Nkomo fought hard to force Mugabe’s hand in awarding business magnate, Strive Masiyiwa, the Econet Wireless founder and chairman, a licence.

Masiyiwa has never forgotten Nkomo. Opposition National People’s Party leader and former Vice-President Joice Mujuru, who fought Nkomo in the Econet licence saga, also had no word on Nkomo.

Nkomo worked hard for an egalitarian society, which earned him the nickname Father Zimbabwe.

While some expected him to win the first elections in Zimbabwe in 1980, the Zapu leader lost to Zanu’s Robert Mugabe, who was to become Prime Minister and later executive President, a position he has retained for 37 years.

At the Lancaster House conference, during negotiations for majority rule, the fighting forces fronted by Zapu and Zanu had agreed to participate in the first elections under the banner of the Patriotic Front, but Mugabe, as a cunning fox, was to abandon the idea at the 11th hour.

Nkomo’s Zapu became the initial official opposition at independence and members of his inner circle joined Mugabe’s Cabinet and the ranks of the unified security establishment.

As the guns of the liberation struggle died down, Mugabe began a vicious campaign to establish a one-party State targeting Nkomo’s party.

Then Home Affairs minister, Nkomo was hounded out of government and the country in an orgy of violence that was to be christened Gukurahundi.

Carried out by a crack military unit trained by North Korea and codenamed 5th Brigade, the violent campaign was to claim more than 20 000 lives, forcing Nkomo into exile.

But before he left, the former Vice-President officiated at the burial of another struggle stalwart and military strategist, Zapu’s wartime commander, Lookout Masuku, who died chained to his hospital bed by Mugabe’s regime following his arrest on charges of treason.

“Why should men like Lookout and Dumiso (Dabengwa) (then Zapu’s intelligence supremo), after being found innocent of any wrongdoing by the highest court in this land, remain detained?

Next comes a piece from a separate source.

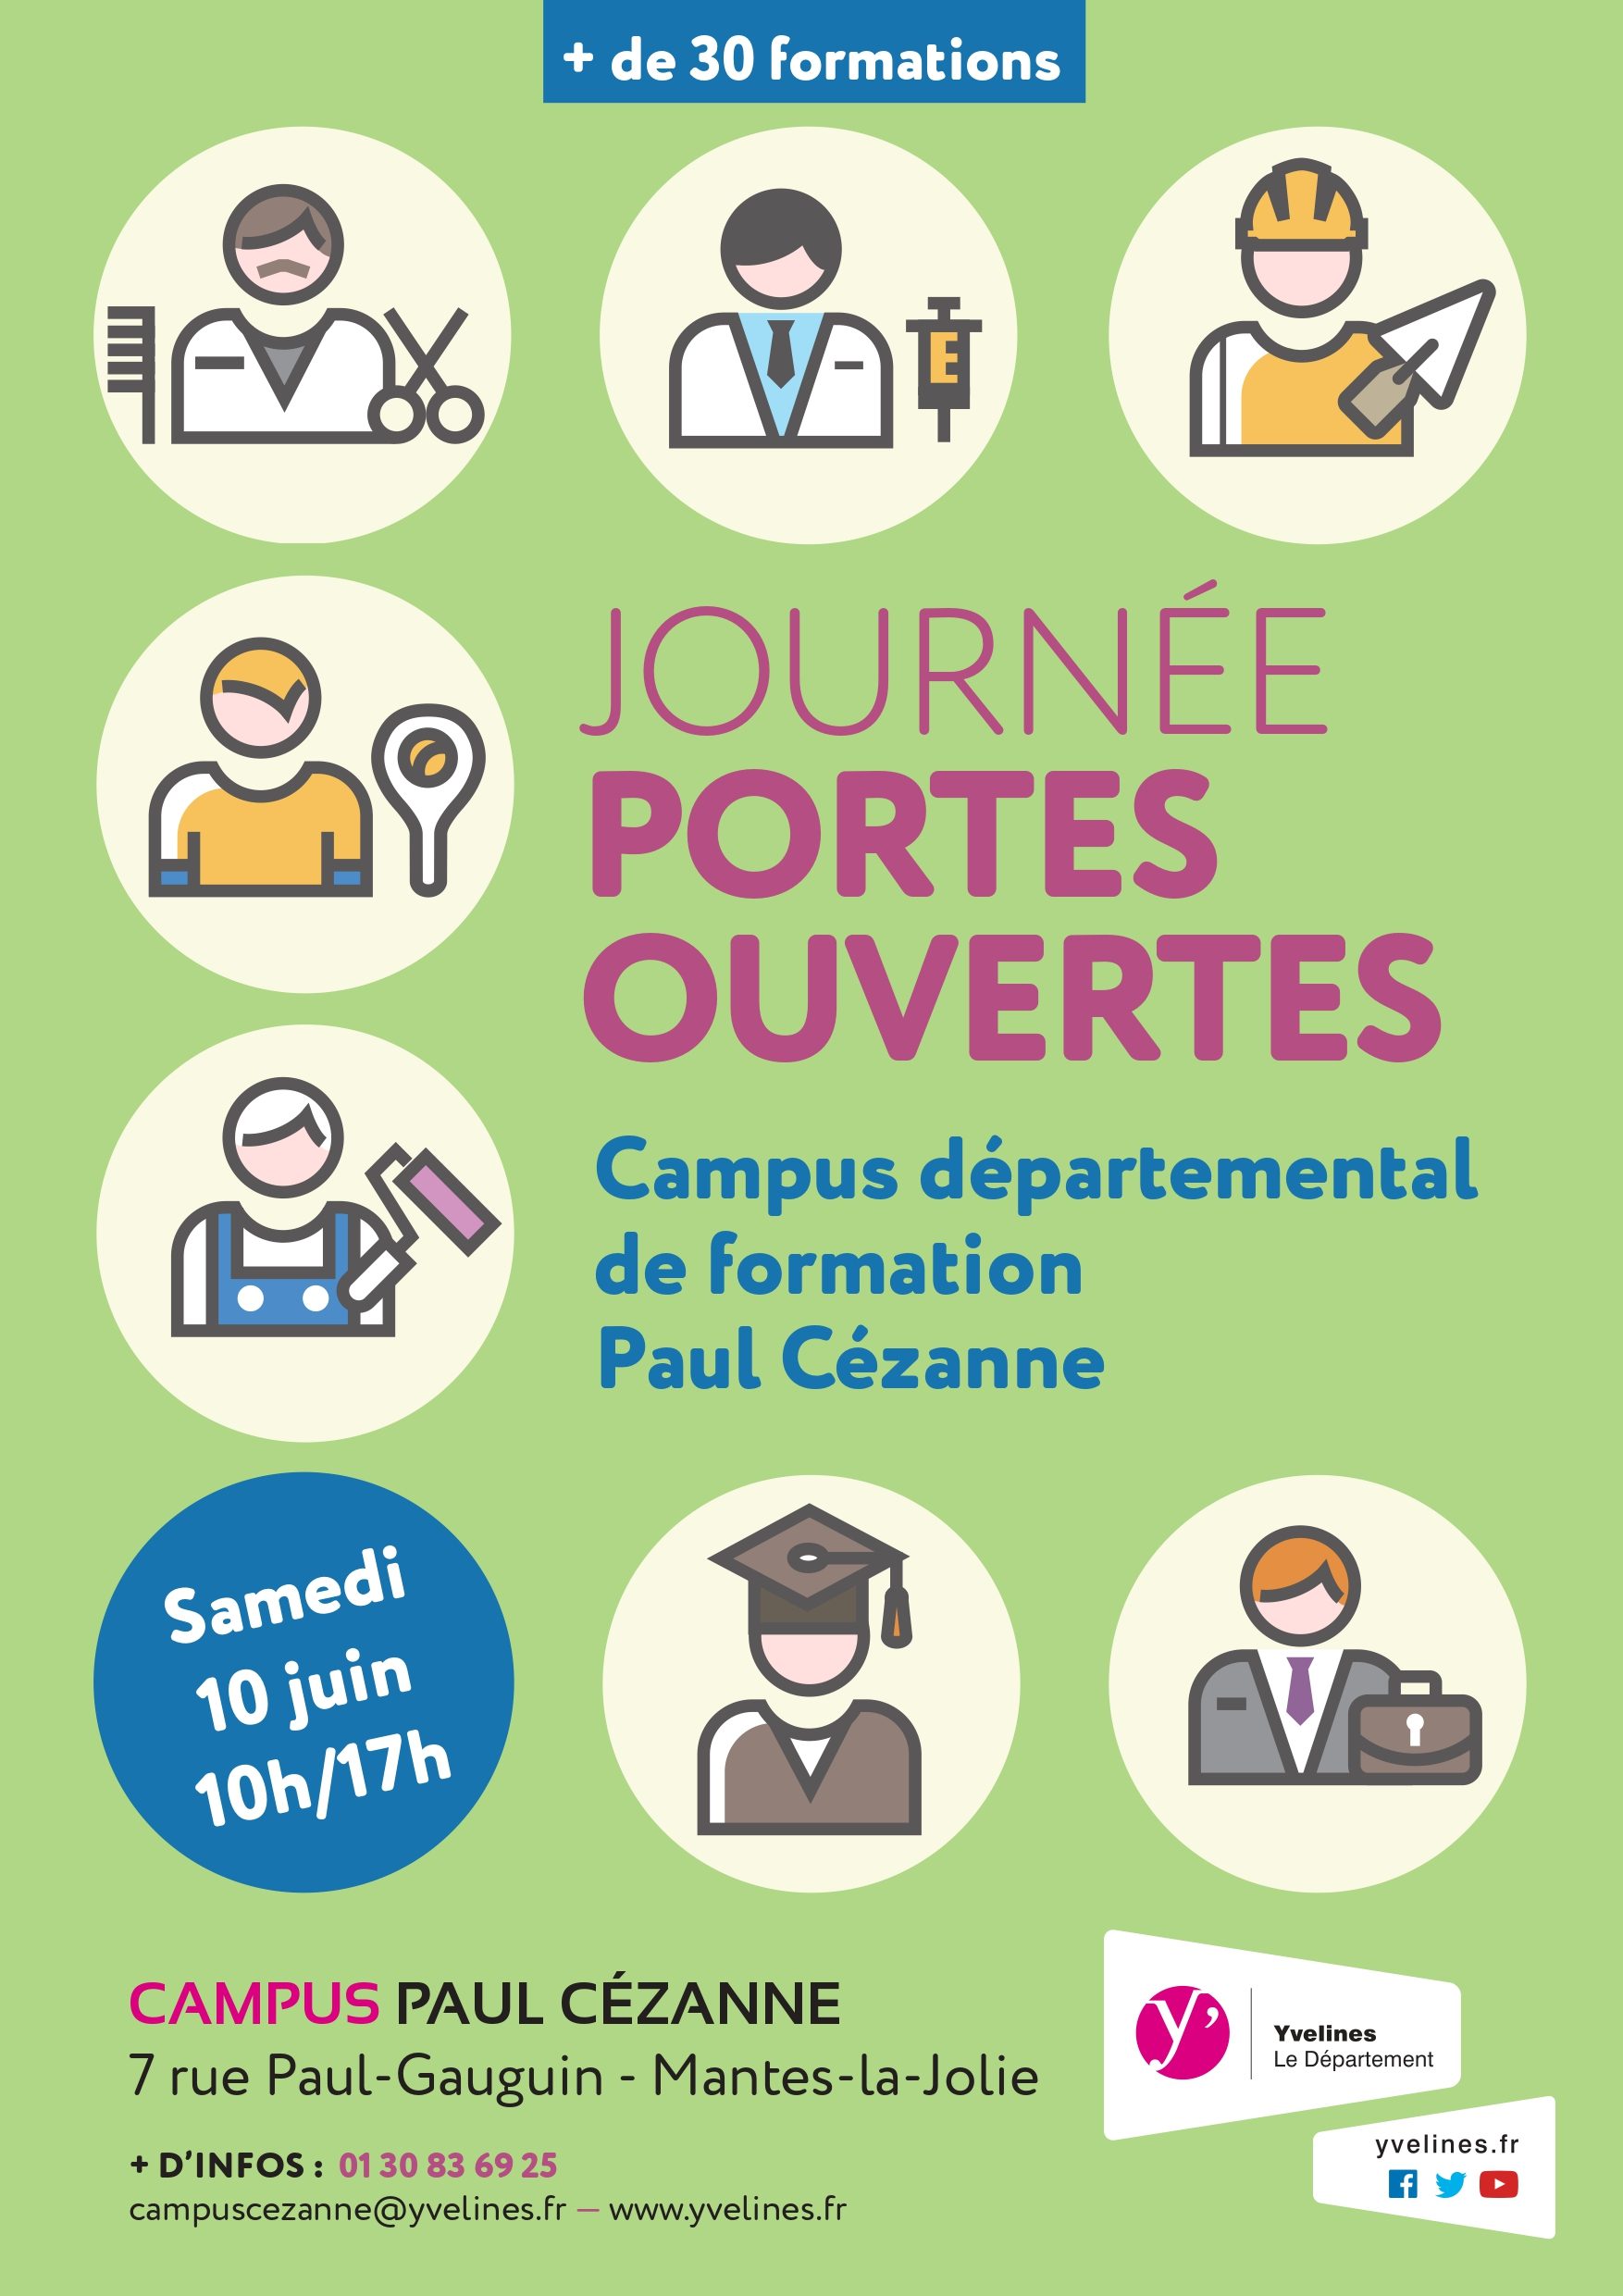 Le Campus « Paul Cézanne » organise sa première journée portes ouvertes à Mantes-la-Jolie

When we ask, we get the same answer from the minister, as we used to get from the (Ian) Smith regime.

“Mafela, Lookout, after all his sacrifices, died a pauper in our own hands. We cannot blame colonialism and imperialism for this tragedy. We, who fought against these things, now practice them. Why? Why? Why?” Nkomo lamented.

Mugabe continues to blame imperialism for the tragedy that Zimbabwe has become. It is a living example of how not to govern a country.

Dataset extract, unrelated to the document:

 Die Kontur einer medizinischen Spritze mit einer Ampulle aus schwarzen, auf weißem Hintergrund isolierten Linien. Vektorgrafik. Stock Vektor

The systematic killing of his supporters and those accused of supporting his party under the guise of hunting down dissidents forced Nkomo into capitulating and agreeing to a lopsided Unity Accord in 1987 that resulted in the “formation” of a united Zanu PF and his appointment as Vice-President along with the late Simon Muzenda.

Nkomo was a prophet in his own right.

“We are enveloped in the politics of hate. The amount of hate that is being preached today in this country is frightful. What Zimbabwe fought for was peace, progress, love, respect, justice, equality, not the opposite. And one of the worst evils we see today is corruption. The country bleeds today because of corruption,” he said in April 1986.